Plus Dennis Villeneuve gets us even more hyped

Timothee Chalamet and Zendaya in Dune 2020
Zendaya in Dune 2020
Photo: Warner Bros. Pictures

Zendaya was late to the party on Arrakis, her character Chani only popping up in earnest in the final act of Dennis Villeneuve’s celebrated epic, but she’s excited to make up for lost time. Deadline’s new cover story goes deep on where Dune Part Two stands right now: the stakes of having one worm-sized success down, and another one left to go.

While the Dune sequel will be an ensemble, perhaps no one person will be as crucial to the movie’s success as Zendaya, who plays Chani. She’s a love interest to Timothée Chalamet’s Paul Atredies, but that hardly begins to describe her role. While Chani plays a small role in Dune Part One, Zendaya explains how she was able to acclimate quickly to a cast that was mostly fully formed by her arrival.

“I met everybody fully in the stillsuits. So that was a very cool way to be introduced to everyone, pretty much in their character,” she tells Deadline. She also credits director Denis Villeneuve, who is “great at giving you structure, but then also giving you freedom within that structure.”

And as for Part Two, she has simple reasons for being excited. “I can be there for longer, which is cool,” she jokes, following the understatement with genuine promise. Zendaya says the break between films will allow her to grow with her character in a way she may shooting nearly back-to-back-to-back Spider-Man films. “What was cool for me having not been around for much of the first shoot was getting to see the movie from a completely fresh perspective, because I hadn’t seen the sets and the scenes for most of the movie. And watching it felt like just the beginning of this story.”

Even if we didn’t get much of Zendaya in the first film, Chalamet says her character is already fully formed and alive. A sequel would just give her more room to breathe that sweet spice.

“She is Chani, and it’s incredible to witness,” the actor says. “From the get-go, she was that character, and it was inspiring to see. I love the shot in the movie of Chani pulling the mask down for the first time; it feels properly momentous. But even on the day, it was like, Holy sh*t, Chani has arrived. There’s the book, and there have been other adaptations, but not only was the relationship between us alive in Jordan, and not only does it live on the screen now, it was there just at the first chemistry read. It felt obvious.”
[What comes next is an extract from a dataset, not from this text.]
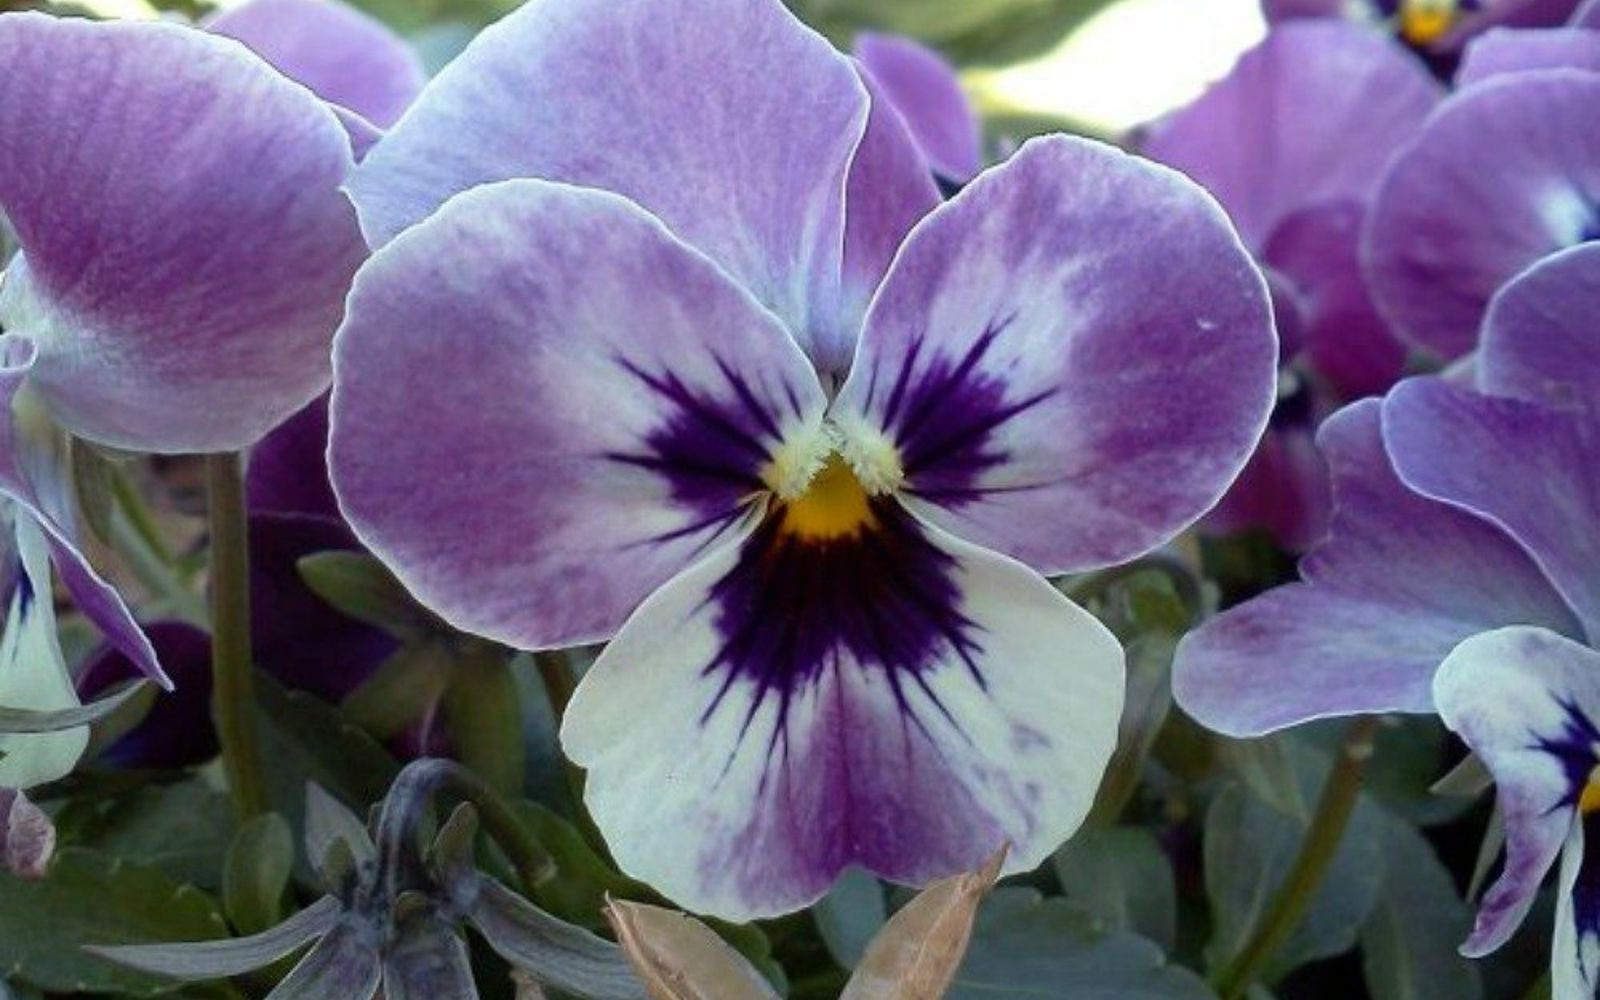 s the top 15 fall flowers everyone is loving this season, gardening, 15 Violas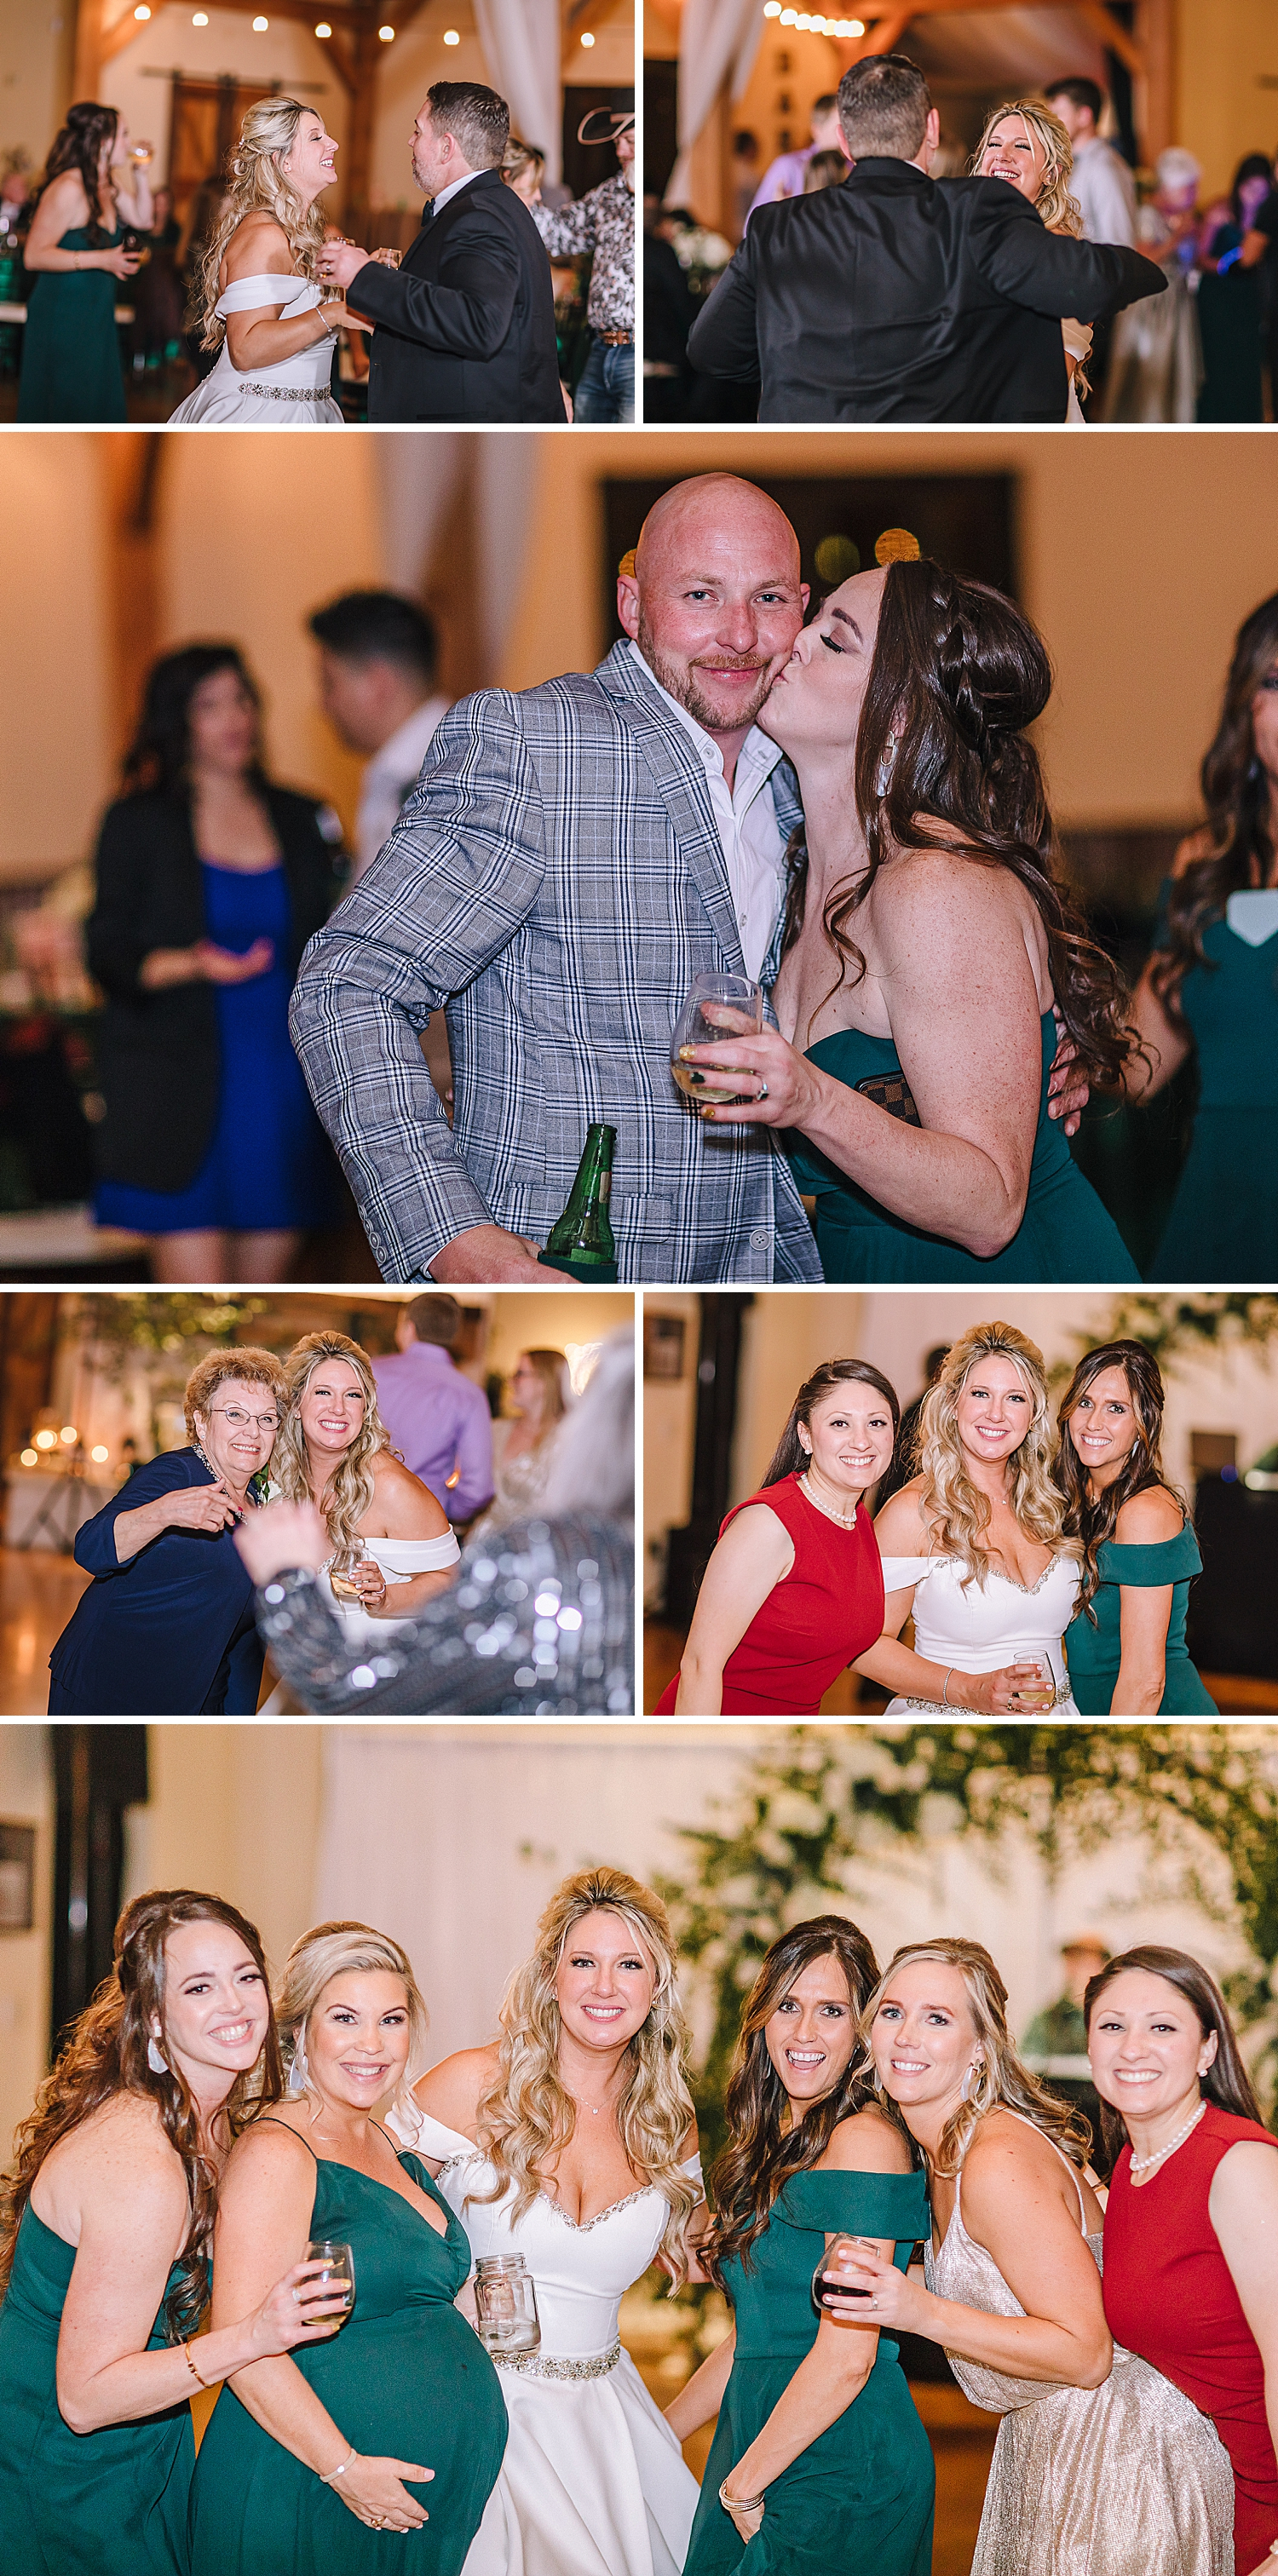 Magnolia-Halle-Wedding-San-Antonio-Texas-Bride-Grom_0099.jpg

Zendaya and Timothée Chalamet at “Dune” UK Special Screening - Red Carpet Arrivals
Zendaya and Timothée Chalamet attending at Dune screening in London
Photo by Samir Hussein/WireImage

The Deadline story breaks down some of the larger decisions both Villeneuve and producer Mary Parent made regarding the project, including shooting each part separately and the decision to simultaneously release the movie on streaming and in theaters. As Villeneuve said in conversation with Christopher Nolan earlier this year (recorded for the Director’s Guild podcast), shooting both movies back-to-back was his hope ... but it also would have been a huge mistake. Warner Bros. ultimtaely didn’t go for it — the director’s previous film, Blade Runner 2042 didn’t perform at the box office well enough to inspire confidence to do a movie and a sequel in one blow — but Villeneuve was thankful they pushed him to take his time with one movie.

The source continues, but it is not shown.